Super Mario Bros. (NES)

(Review archived from March 18, 2023)

I mean … it’s Super Mario Bros. for the NES. On one hand it’s hard to understate the extent to which this game almost single handedly kicked off a revolution in console gaming. This is the bedrock upon which a decade or more of 2D gaming was built upon. On the other hand though …. it’s easy to take this game for granted as a seasoned retro-gamer. It’s not an arcane or obscure hidden gem, and as a result at a certain point it no longer really seems that ‘interesting’ anymore precisely because of the reasons I mentioned above. This is the history of retro-gaming writ large. Practically everyone in our community knows this game inside and out, and likely has long held opinions regarding it’s quality and/or legacy.

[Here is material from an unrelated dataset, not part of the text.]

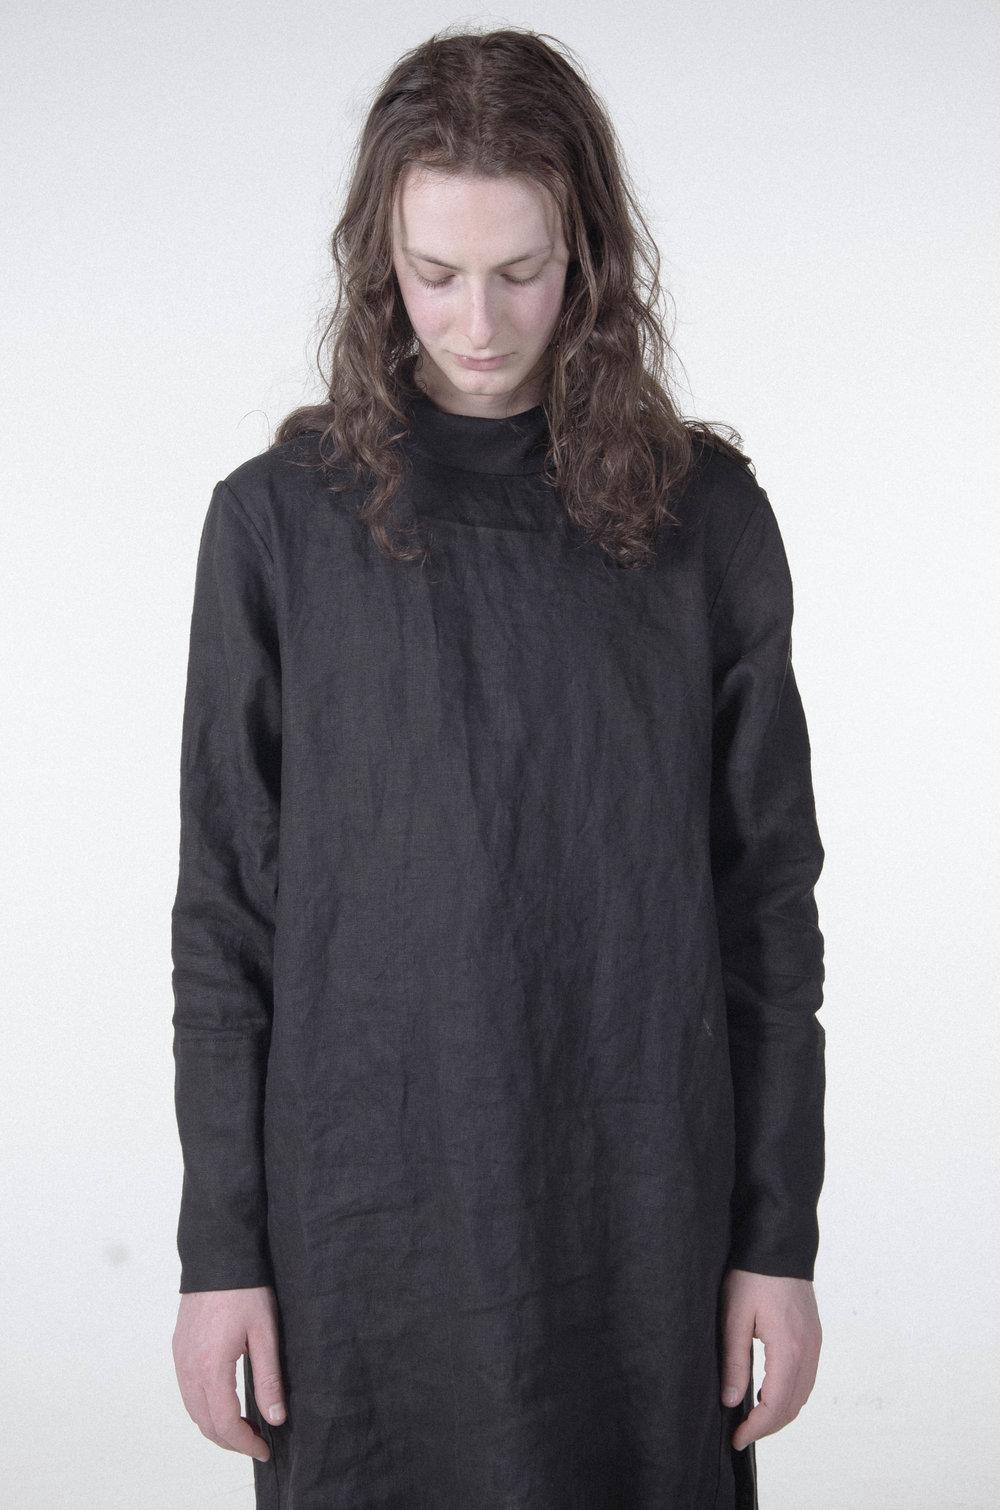 agoraphobia-collective-britt-pooley-sideways-collar-identity-shirt

So is there really anything left to say about Super Mario Bros? Well, contrary to my typically long winded diatribes … I might surprise everyone by saying … no. Or at least by my reckoning, there’s probably not much interesting left to say about Super Mario Bros that hasn’t already been said elsewhere (and more eloquently to boot!). But here’s the crux of my point. This is absolutely a game that’s worth revisiting from time to time. I don’t want to get too grandiose here (but of course I will, because it’s me), but replaying this game has the same sort of feeling as a religious pilgrimage, insofar as it requires one to shed the complications and static of our modern lives in order to return to some principle fountainhead. And that’s not to say that this is even the best 2D platformer of its generation. It’s not. Other games would successfully build upon and modify this formula in interesting ways. Graphics, music, mechanics; all of these would be incrementally albeit steadily improved upon over the course of this gaming generation. But … this is the archetypal 8-bit platformer, and thus there’s some real value in revisiting the foundations of the era.

A number of years back I declared that the Super Mario Allstars version of this game on SNES could safely be considered the ‘definitive version’ of Super Mario Bros. There’s still an argument to be made for that sentiment of course, particularly for modern gamers experiencing the game for the first time, but after this most recent play though of the NES version … I’m not so sure anymore. The original version of Super Mario Bros. on the NES not only remains one of the best titles on the system, but one of the absolute quintessential titles on the system, something that can’t really be said about the Allstars version with regards to the SNES. As if it wasn’t already obvious, Super Mario Bros. comes highly recommended to all retro-gamers but really … you already knew that.